From the perspective of the verifier, this means the following steps are involved when accepting a new QUIC connection:
- Parse the X.509 certificate (DER serialization over various complex ASN.1 data structures)
- Verify the certificate chain (signature verification)
- Extract the Ed25519 public key of the peer
- Verify the “CertificateVerify” proof
Raw Public Keys
RFC 7250 introduces a second certificate type: Raw Public Keys (RPKs)
RPKs consist of a minimal ASN.1/DER prefix followed by a copy of the serialized public key.
The new verifier steps then become:
- Negotiate RPK support via the CertificateType extension
- Parse the RPK ASN.1 prefix
- Verify the “CertificateVerify” proof
Not only is this mechanism much simpler; It also decreases the maximum byte count of a TLS handshake.
Unfortunately, support for RPKs is sparse. It is currently not supported by stable releases of OpenSSL, GnuTLS, quictls, rustls, nor the Go standard library. OpenSSL and GnuTLS both provide experimental support. My attempt to use an Ed25519 RPK with GnuTLS failed for unknown reasons.
If time permits, I would like to contribute RFC 7250 support to the Go standard library and rustls.

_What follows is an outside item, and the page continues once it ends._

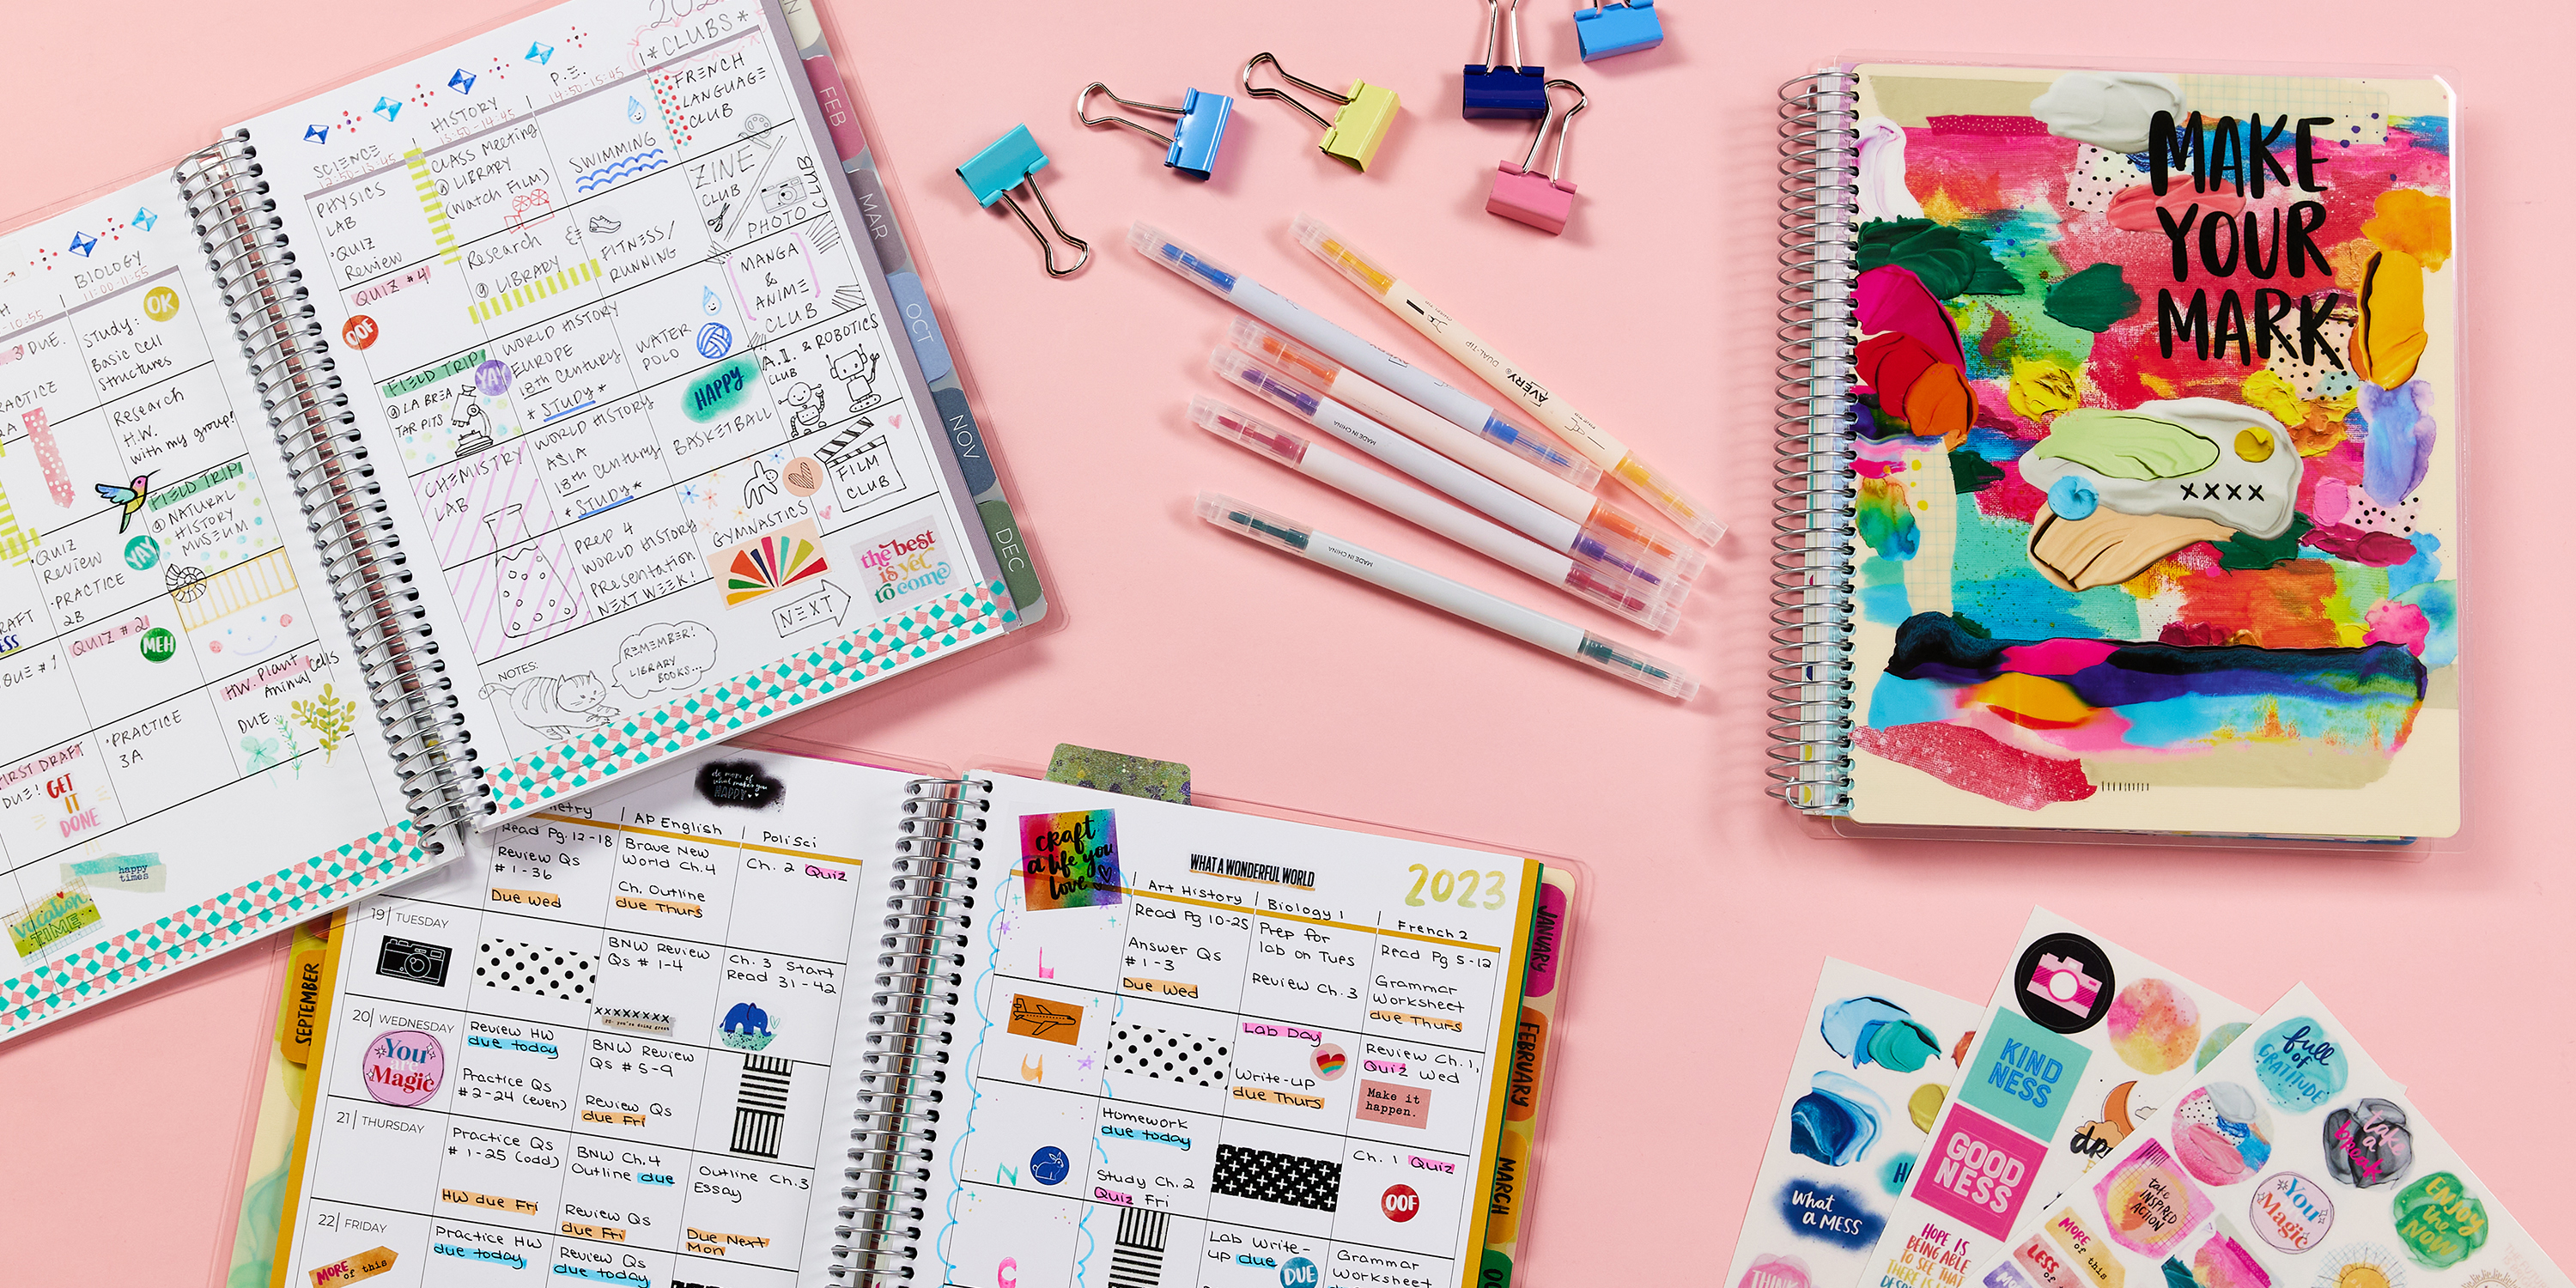 Academic planners are planners dated from July to June to follow the school year. This image shows three Avery academic planners on a pink background surrounded by wet-erase markers, candy-colored binder clips and Avery planner stickers.

I would greatly appreciate any help with this task.
Finally, an update on fd_tls:
fd_tls is currently able to correctly derive TLS 1.3 decryption keys up to the handshake level when speaking to OpenSSL. So far, my experience with implementing TLS 1.3 has been quite pleasant. There are no obvious blockers to completing self-hosted QUIC-TLS support; it is simply a matter of time. I am currently working on additional TLS extension types and the Certificate/CertificateVerify message types.
Whether we’ll use fd_tls in production is unclear. Certainly, before attempting to do so, fd_tls needs to pass tlsfuzzer torture and various other conformance tests.
I hope this post was informative and I’m looking forward to continue discussion on Solana’s network protocols.